- _WHAT IS NEEDED_
The reply must contain exactly the lines below from the one with "公司获五粮液集团 弘扬工匠放飞梦想 舞蹈比赛一等奖" down to the one with "1-комнатная квартира посуточно", both included, and nothing more; please omit the pictures.

DATA PROVIDED Block Start

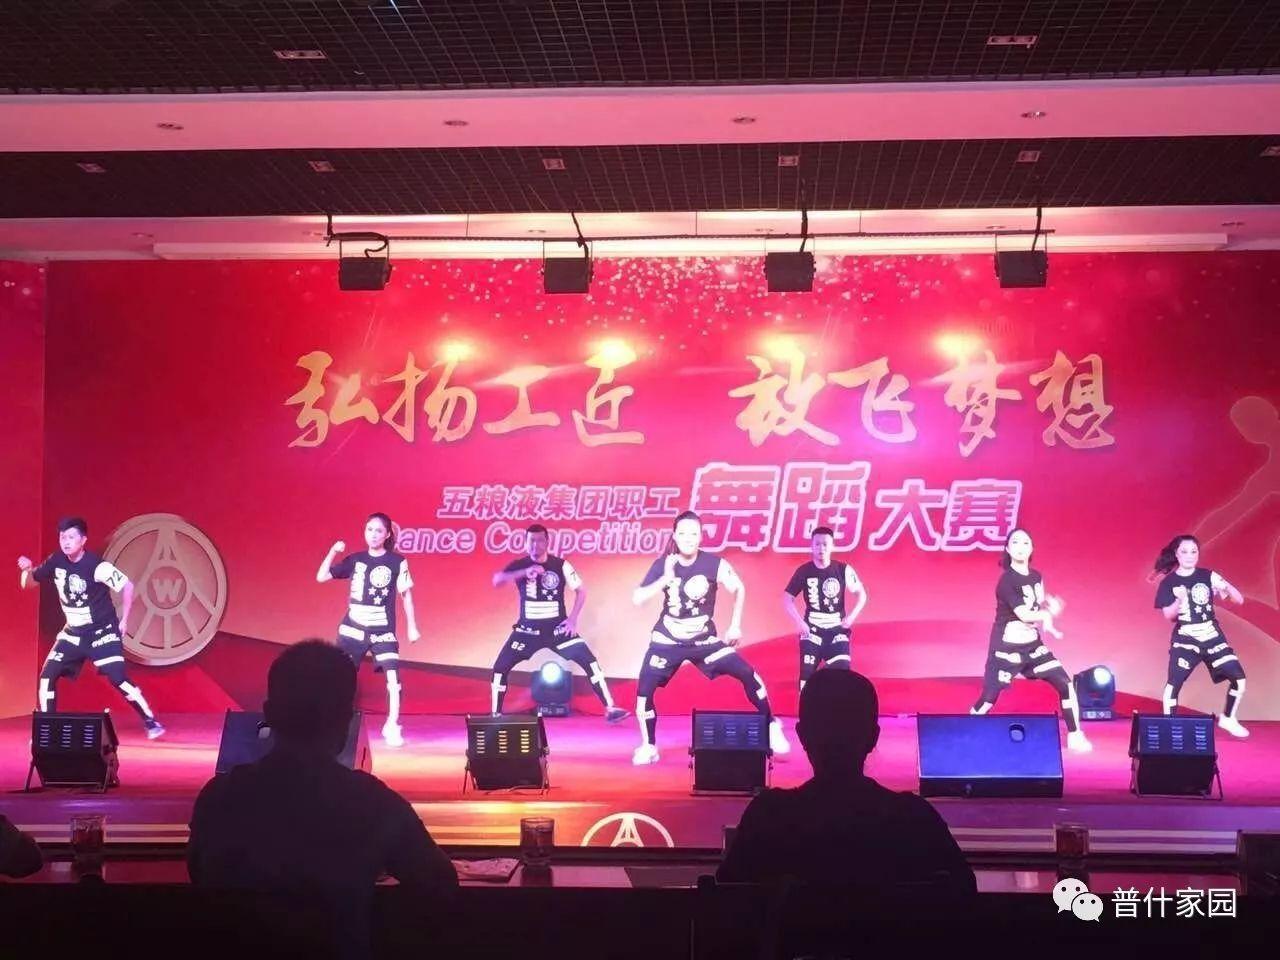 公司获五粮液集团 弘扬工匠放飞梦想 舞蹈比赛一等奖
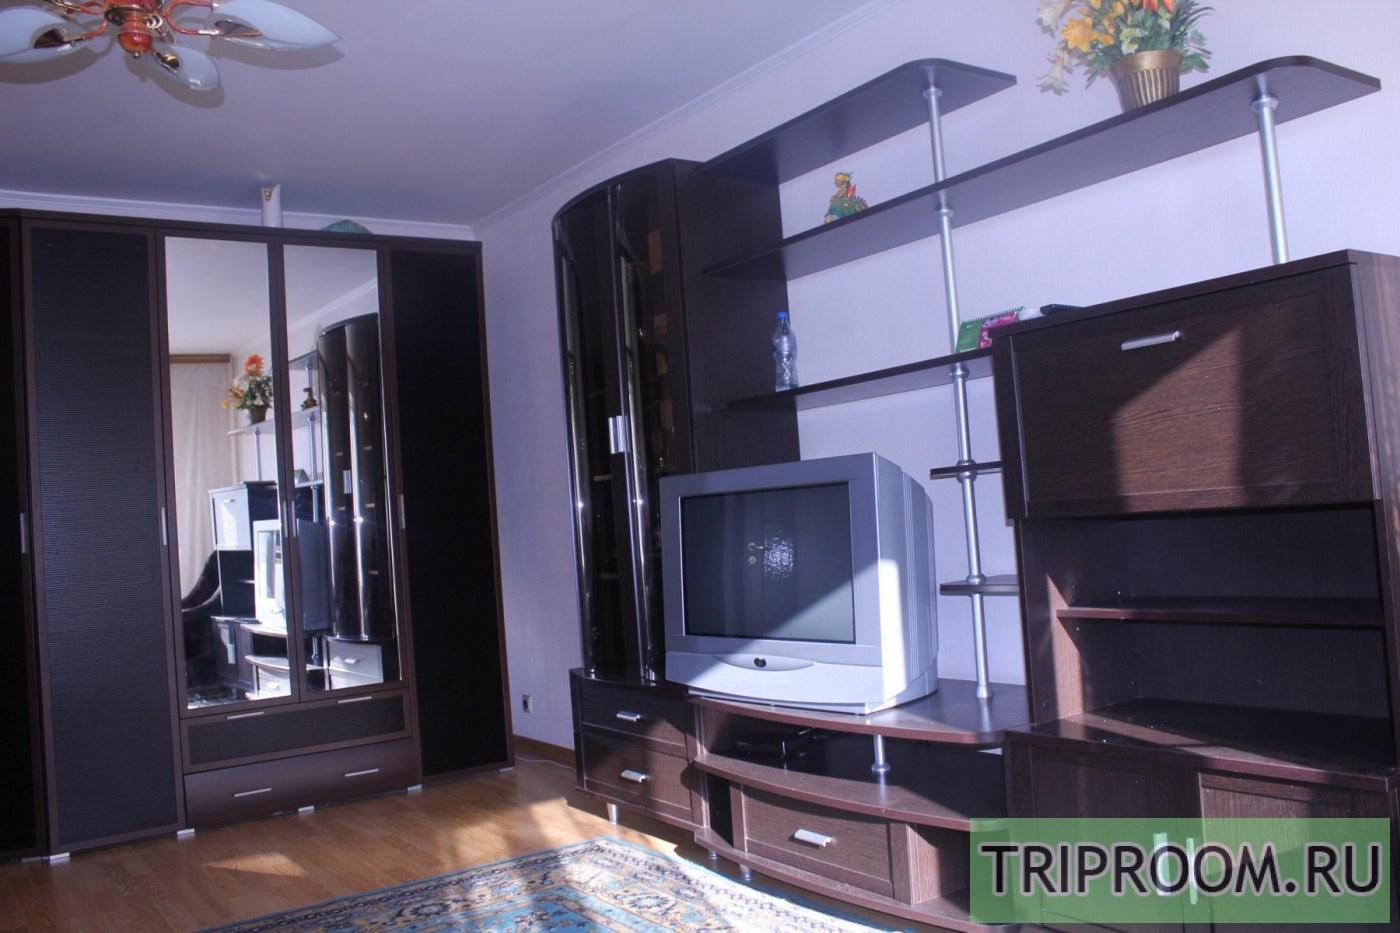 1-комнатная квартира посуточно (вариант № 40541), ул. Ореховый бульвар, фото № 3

DATA PROVIDED Block End
DATA PROVIDED Block Start

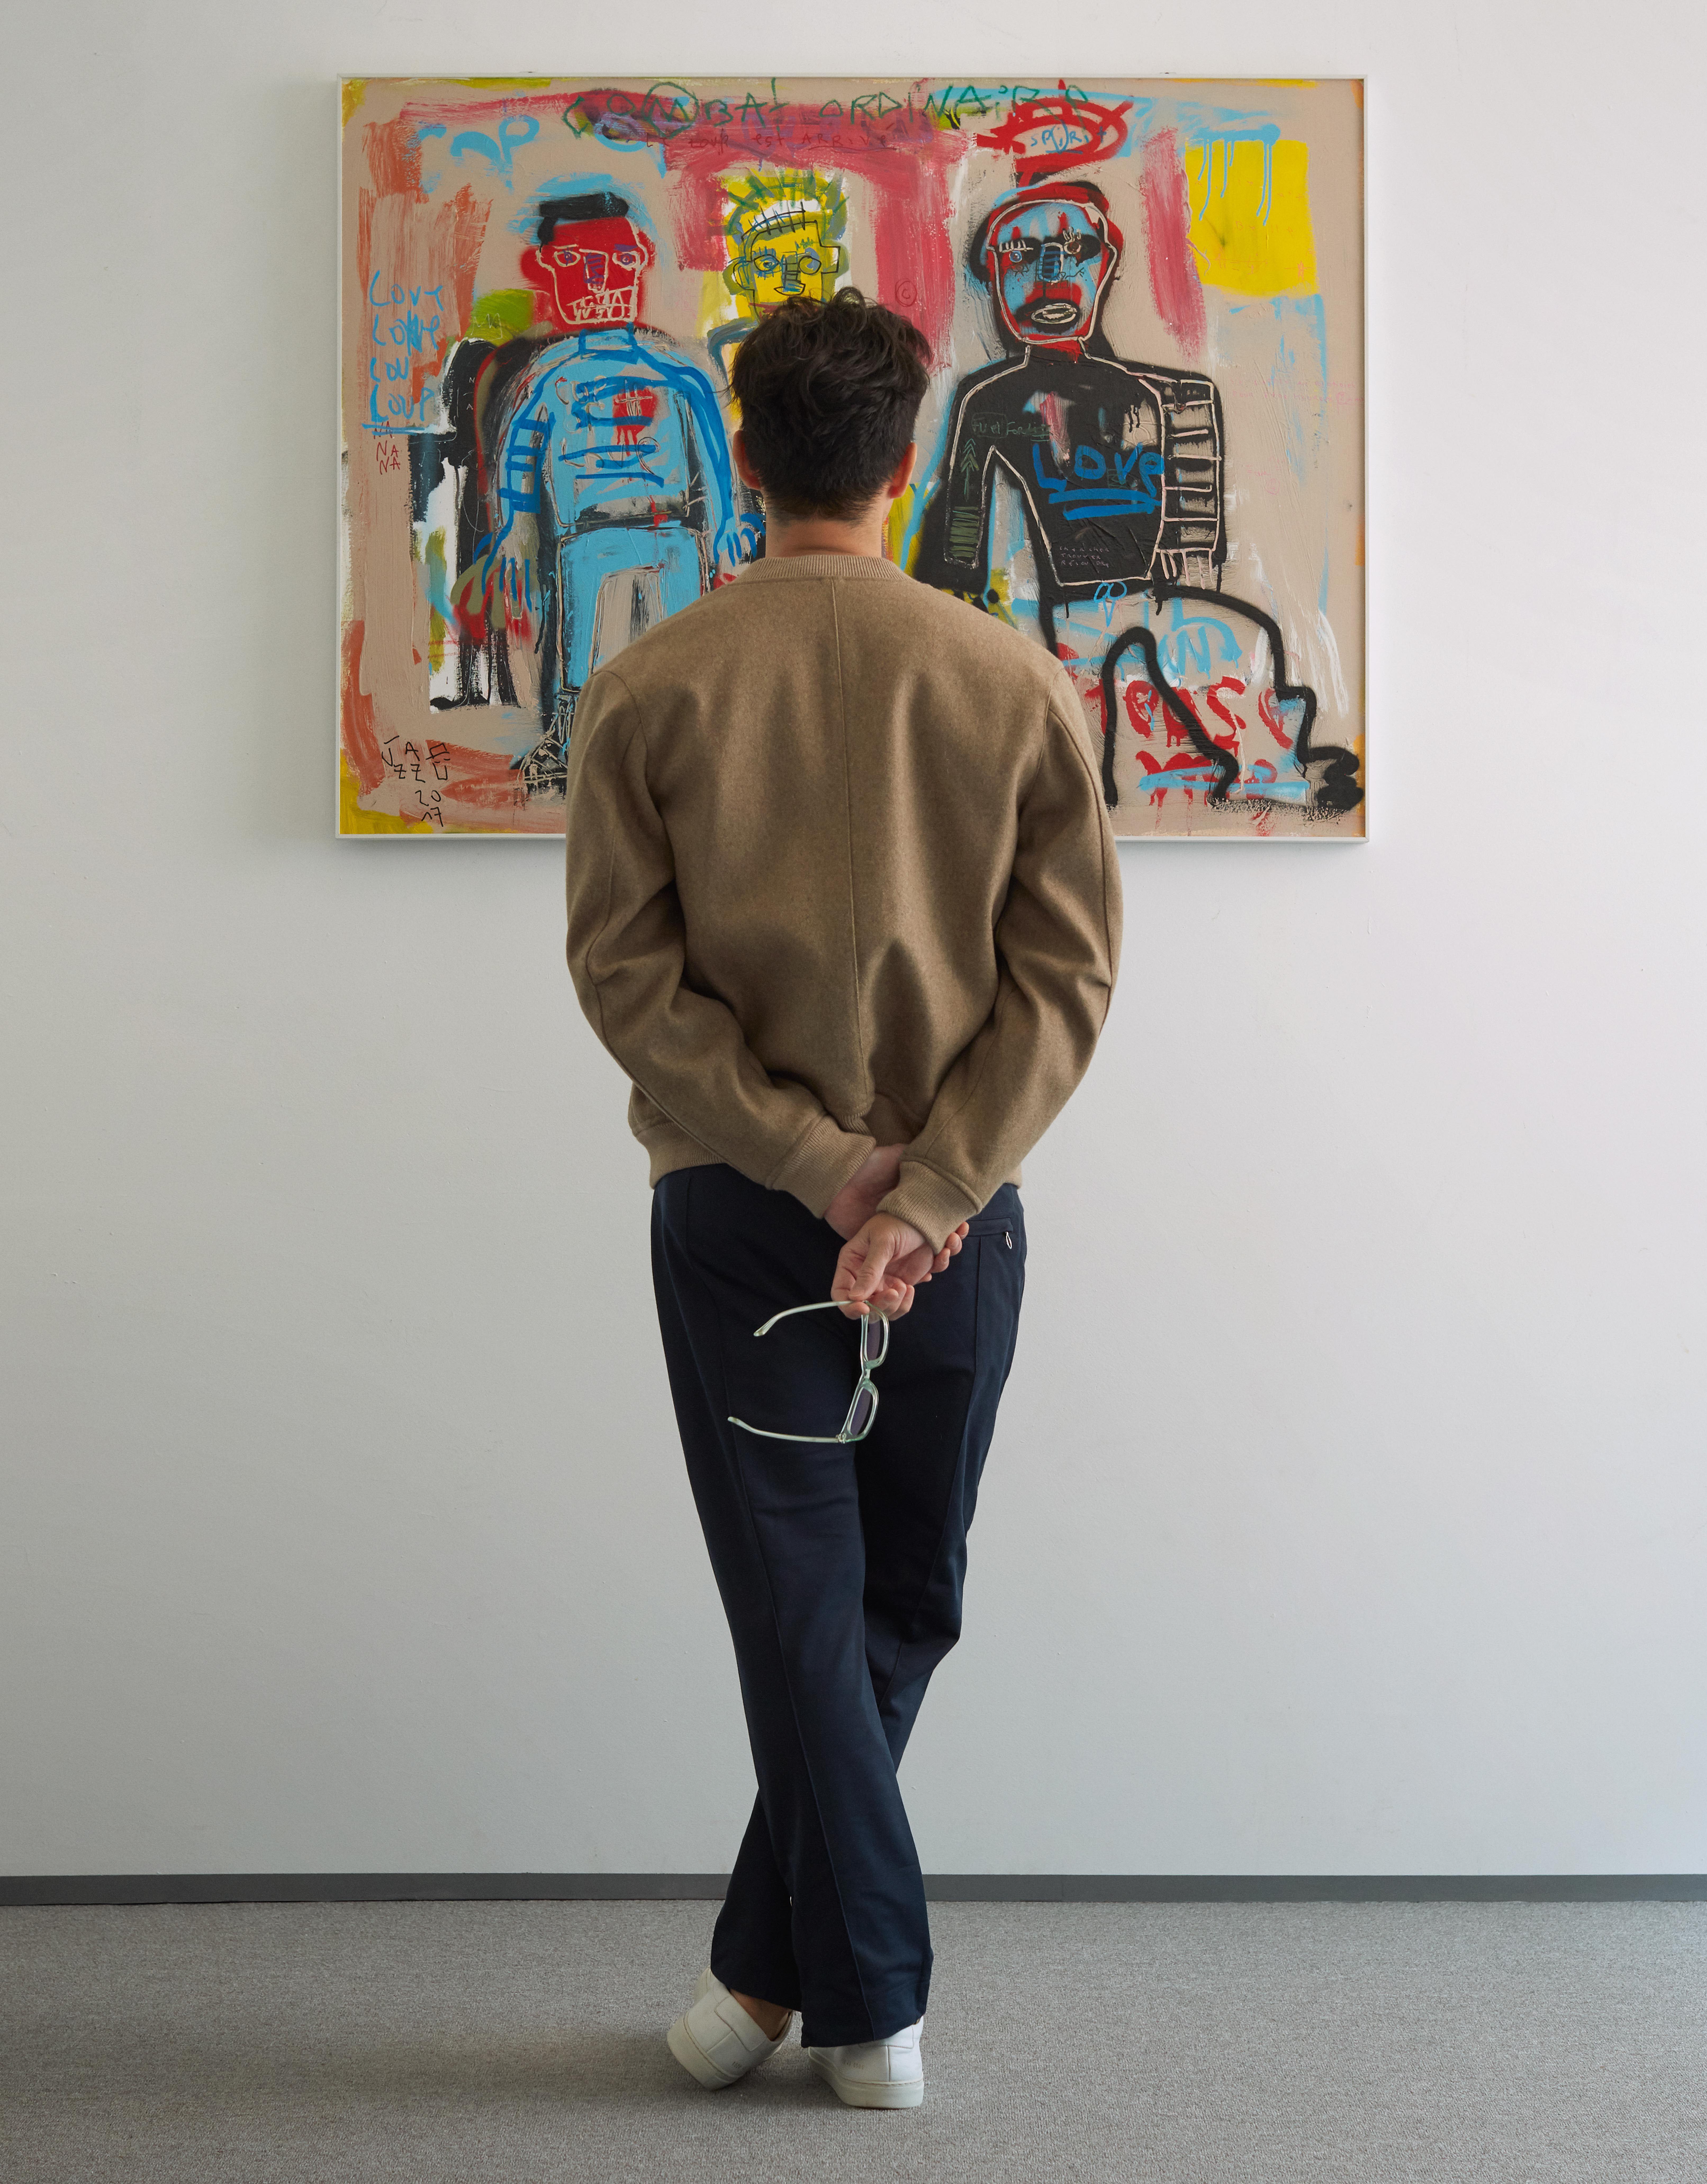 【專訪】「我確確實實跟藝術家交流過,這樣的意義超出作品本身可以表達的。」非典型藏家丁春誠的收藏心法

DATA PROVIDED Block End

- _OUTPUT FOR THIS TASK_
 公司获五粮液集团 弘扬工匠放飞梦想 舞蹈比赛一等奖
 1-комнатная квартира посуточно (вариант № 40541), ул. Ореховый бульвар, фото № 3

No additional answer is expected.